I created this stew as a way to use pumpkin for more than just breads and pies. It's a meal by itself, but also serves as a side dish for meat and potatoes. It's great during the fall, and is as colorful as the season. My family loves it.
  • Total Time
    Prep: 20 min. Cook: 40 min.
  • Makes
    6 servings (2 quarts)


  • 4 cups cubed peeled pumpkin or winter squash
  • 1 can (14-1/2 ounces) diced tomatoes, undrained
  • 1/2 cup chicken broth
  • 2 cups fresh cut green beans (1-inch pieces)

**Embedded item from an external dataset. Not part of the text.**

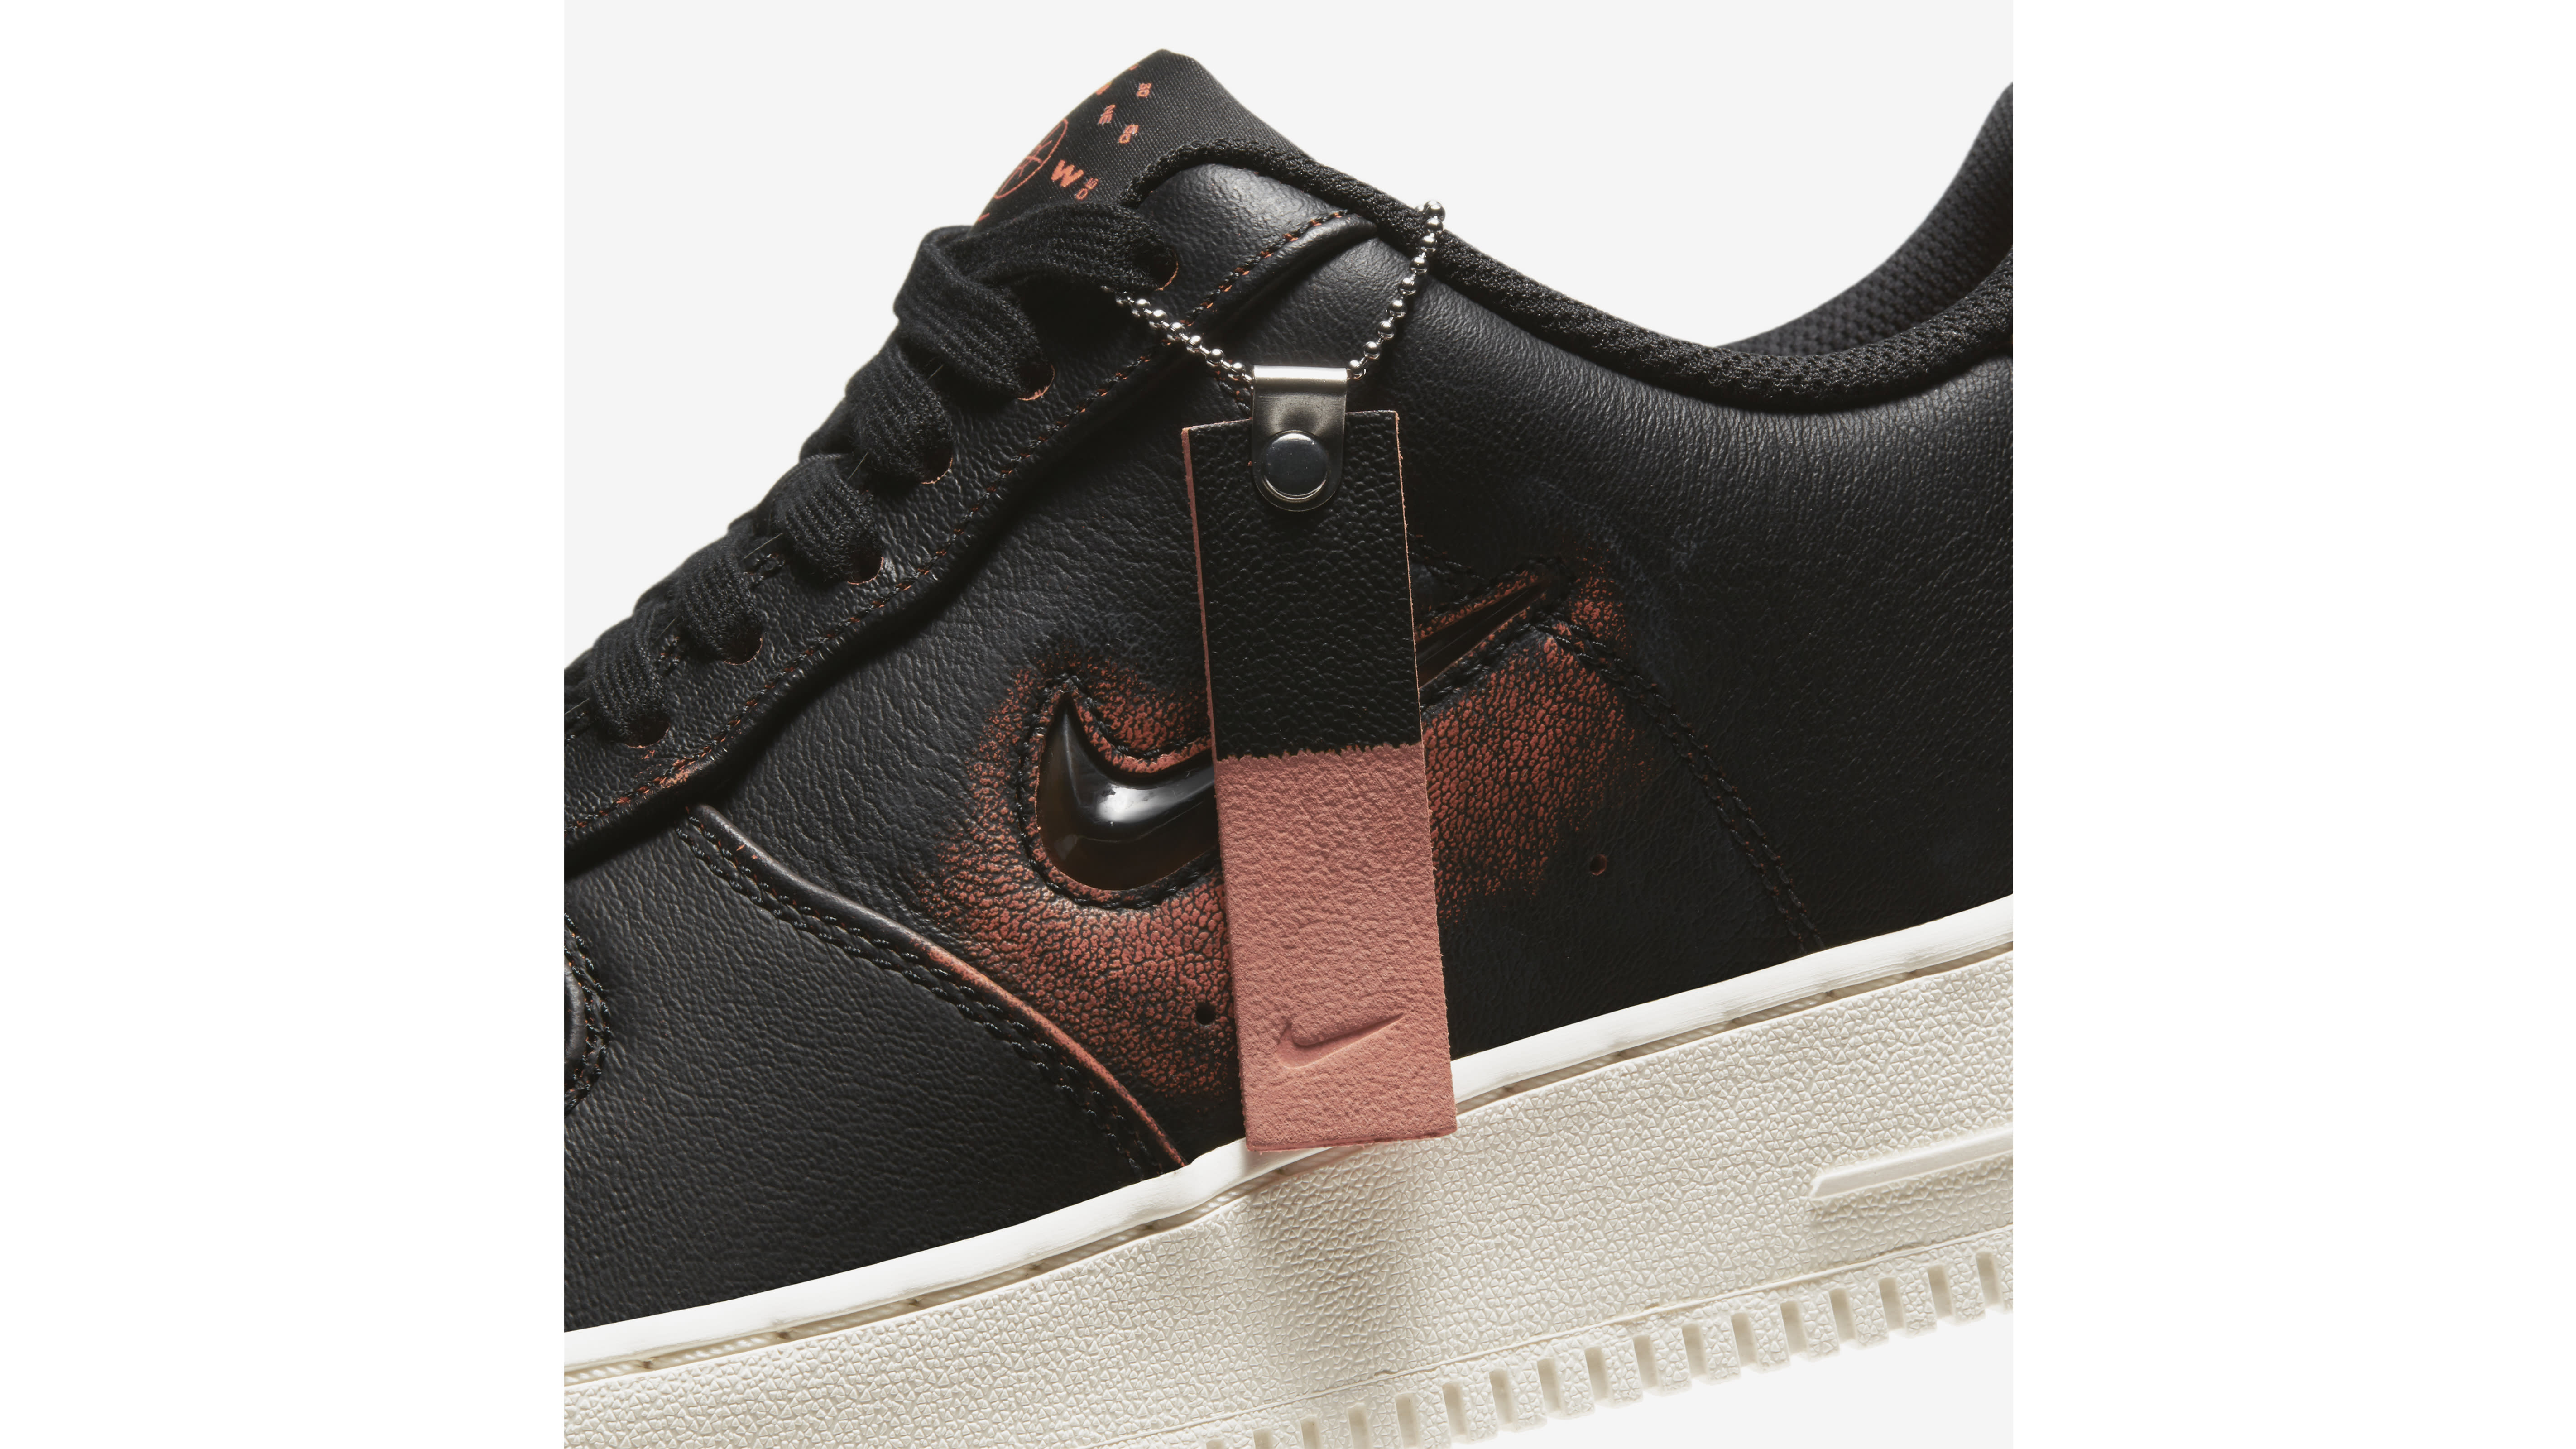 Nike Air Force 1 Low Jewel Premium Rub-Away

  • 1 cup fresh or frozen corn
  • 1/2 cup sliced onion
  • 1/2 cup chopped green pepper
  • 1 garlic clove, minced
  • 1/2 teaspoon chili powder
  • 1/4 teaspoon pepper


  • In a large saucepan, combine all the ingredients. Bring to a boil. Reduce heat; cover and simmer for 40-45 minutes or until the vegetables are tender.
Nutrition Facts
1-1/3 cups: 83 calories, 1g fat (0 saturated fat), 1mg cholesterol, 109mg sodium, 20g carbohydrate (0 sugars, 0 fiber), 4g protein. Diabetic Exchanges: 1 starch, 1 vegetable.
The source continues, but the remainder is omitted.